– О, я выше этого, – простонал он.
– Ничего подобного! Вы никогда не были выше. А я была, – сказала она странным голосом, – и знаю, как здесь на это смотрят.
Он молчал, страдая от невыразимой муки. Потом нашарил в темноте звонок, с помощью которого передавали распоряжения кучеру, и вспомнил, что Мэй, когда хотела остановиться, нажимала кнопку дважды. Он сделал то же самое, и брогам остановился у бордюра.
– Почему мы остановились? Мы же еще не доехали до бабушки! – воскликнула мадам Оленская.
– Да, но я выйду здесь, – пробормотал он, открывая дверцу и спрыгивая на тротуар. В свете уличного фонаря он увидел ее встревоженное лицо и инстинктивное движение, которое она сделала, чтобы удержать его. Он закрыл дверцу и на миг прильнул к окну.
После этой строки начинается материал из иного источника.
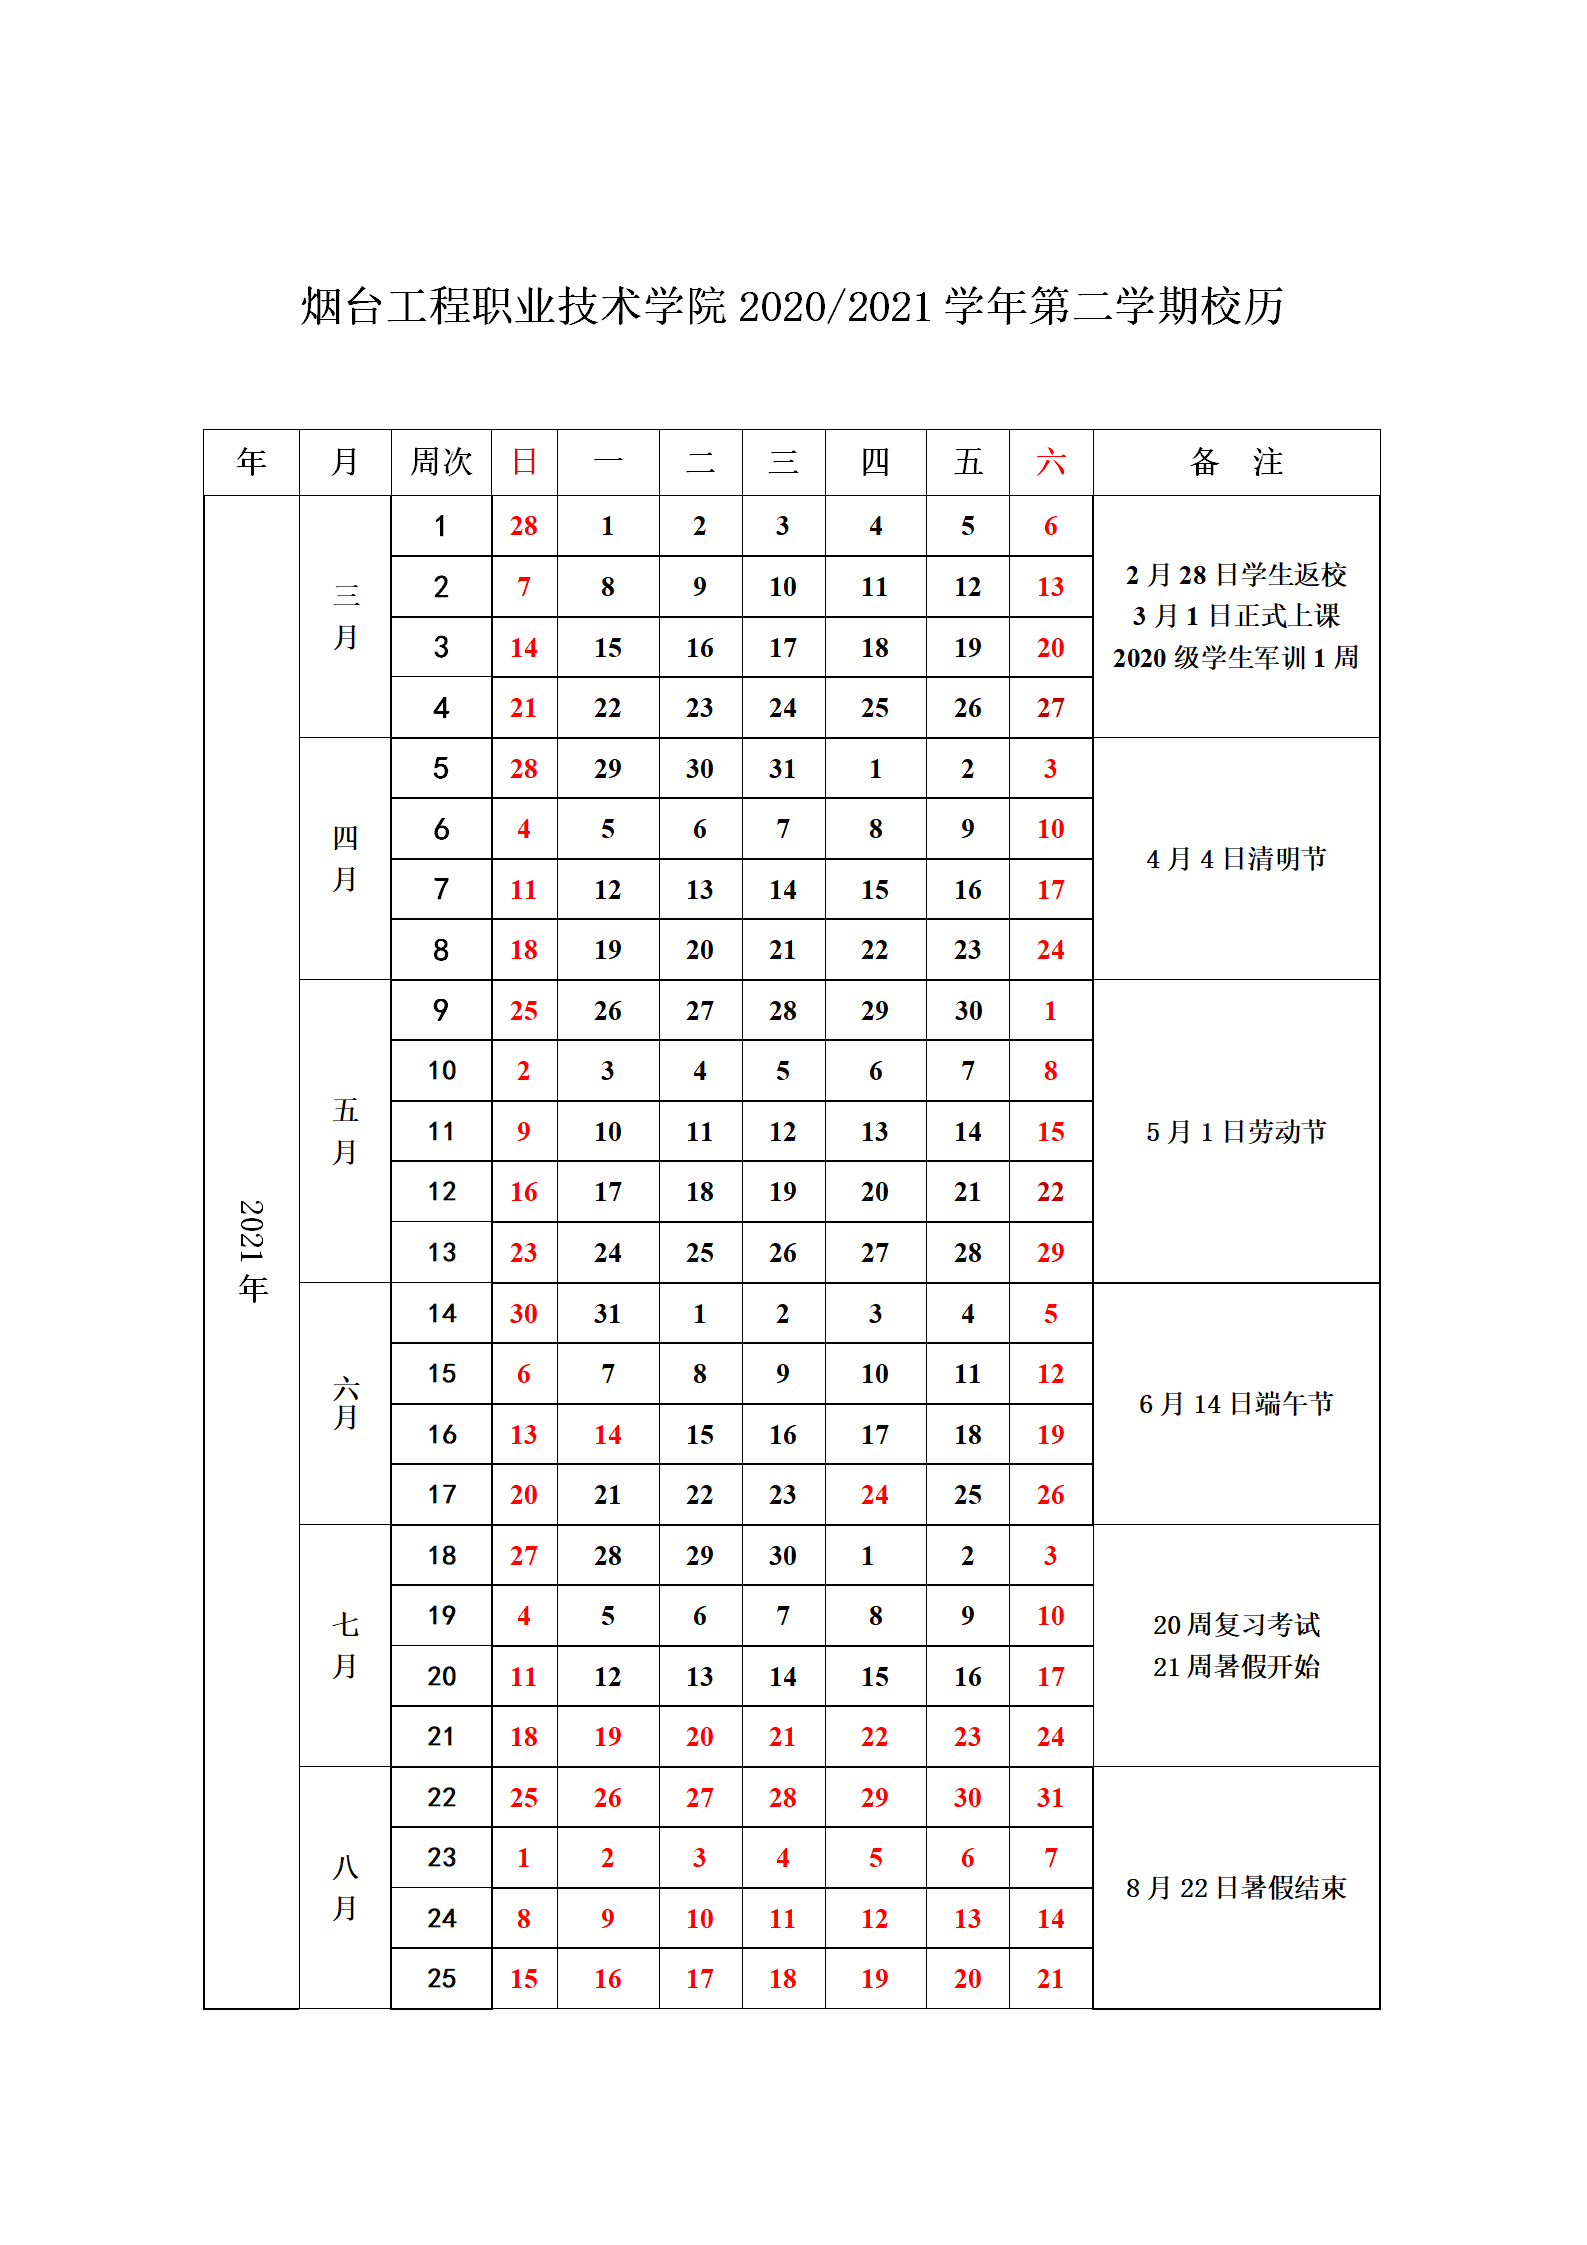 44118太阳成城集团2020--2021学年校历(1)_02.png

– Вы правы, мне не следовало сегодня приезжать, – сказал он тихо, чтобы не услышал кучер. Она подалась вперед, похоже, собиралась что-то сказать, но он уже крикнул кучеру ехать дальше, и карета покатила вперед, оставив его стоять на углу. Снег прекратился, но поднялся порывистый ветер, хлеставший в лицо. Вдруг ощутив что-то холодное и твердое на веках, он понял, что плачет и слезы замерзают у него на ресницах.
Засунув руки глубоко в карманы, он решительно зашагал по Пятой авеню.
Вечером, когда он вернулся домой перед обедом, в гостиной никого не было.
Они с Мэй обедали одни, все семейные приглашения были отложены с тех пор, как заболела миссис Мэнсон Минготт. Поскольку Мэй из них двоих была более пунктуальной, он удивился, что она не опередила его, хотя была дома: переодеваясь, он слышал, как она ходит по своей комнате, и недоумевал – что ее задержало?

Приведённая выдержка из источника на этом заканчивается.